2018年2月5日、韓国・ソウル高裁は、朴槿恵(パク・クネ=1952年生)前大統領への贈賄などで1審で懲役5年の実刑判決を受けていた李在鎔(イ・ジェヨン=1968年生)サムスン電子副会長に対して「懲役2年6か月、執行猶予4年」の控訴審判決を下した。
李在鎔副会長は、約1年ぶりに釈放された。
執行猶予付き判決で釈放になったことを、李在鎔副会長もサムスンも「ひとまず歓迎」しているはずだ。だが、李在鎔副会長の今後には、依然として厳しい問題が山積している。
1審と全く異なる判決
「韓国は3審制で、下級審判決を上級審が覆すことがあっても当然だが、今回のように全く異なる判断をすると、司法全体への信頼が損なわれることはないのか?」
判決から一夜明けた2月6日朝、KBSラジオのニュース番組で、司会者が判事出身の弁護士にこう質問した。それほど、地裁と高裁の判決には大きな差があった。
今回の争点を簡単に整理しよう。
サムスングループは、朴槿恵前大統領の長年の知人である崔順実(チェ・スンシル=1956年生)が事実上設立運営したスポーツ・文化財団に巨額の資金を拠出した。さらに乗馬選手だった崔順実氏の娘のために高額の馬を購入し、海外訓練も支援した。

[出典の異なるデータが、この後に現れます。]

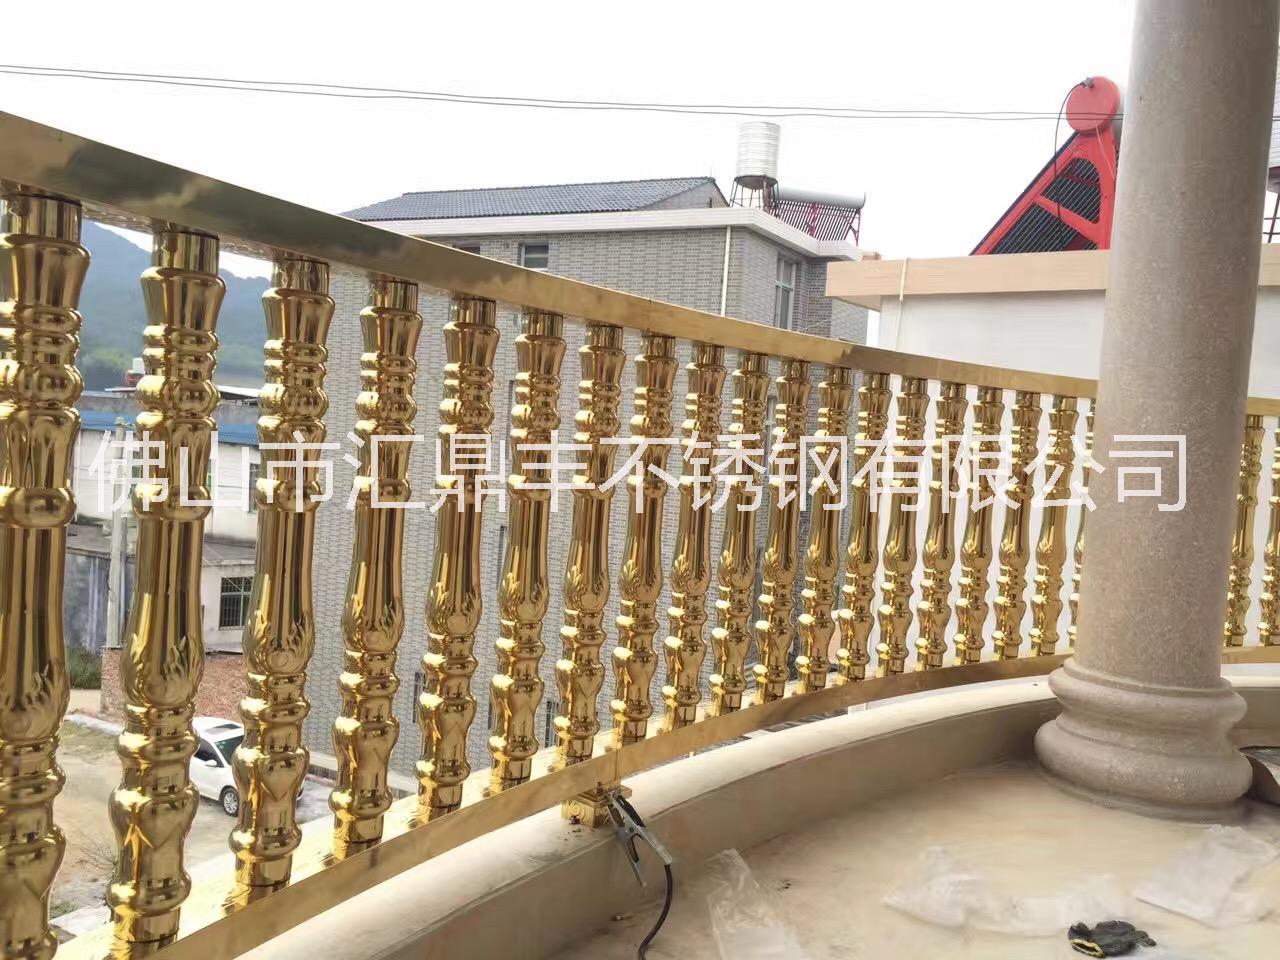 广东不锈钢彩色管生产厂家,广东不锈钢彩色管供应商,广东不锈钢彩色管批发价格

特別検察は、サムスンが拠出した金額は433億ウォン(1円=10ウォン)と算出した。こうした資金拠出は、「李在鎔副会長がサムスングループの経営権継承を進めるために大統領(当時)に不正な請託をした対価」だったというのが、特別検察の見方だ。
2017年8月の1審判決は、この見方を概ね認めた上で、金額を88億ウォンとして、「懲役5年」の実刑判決を下した。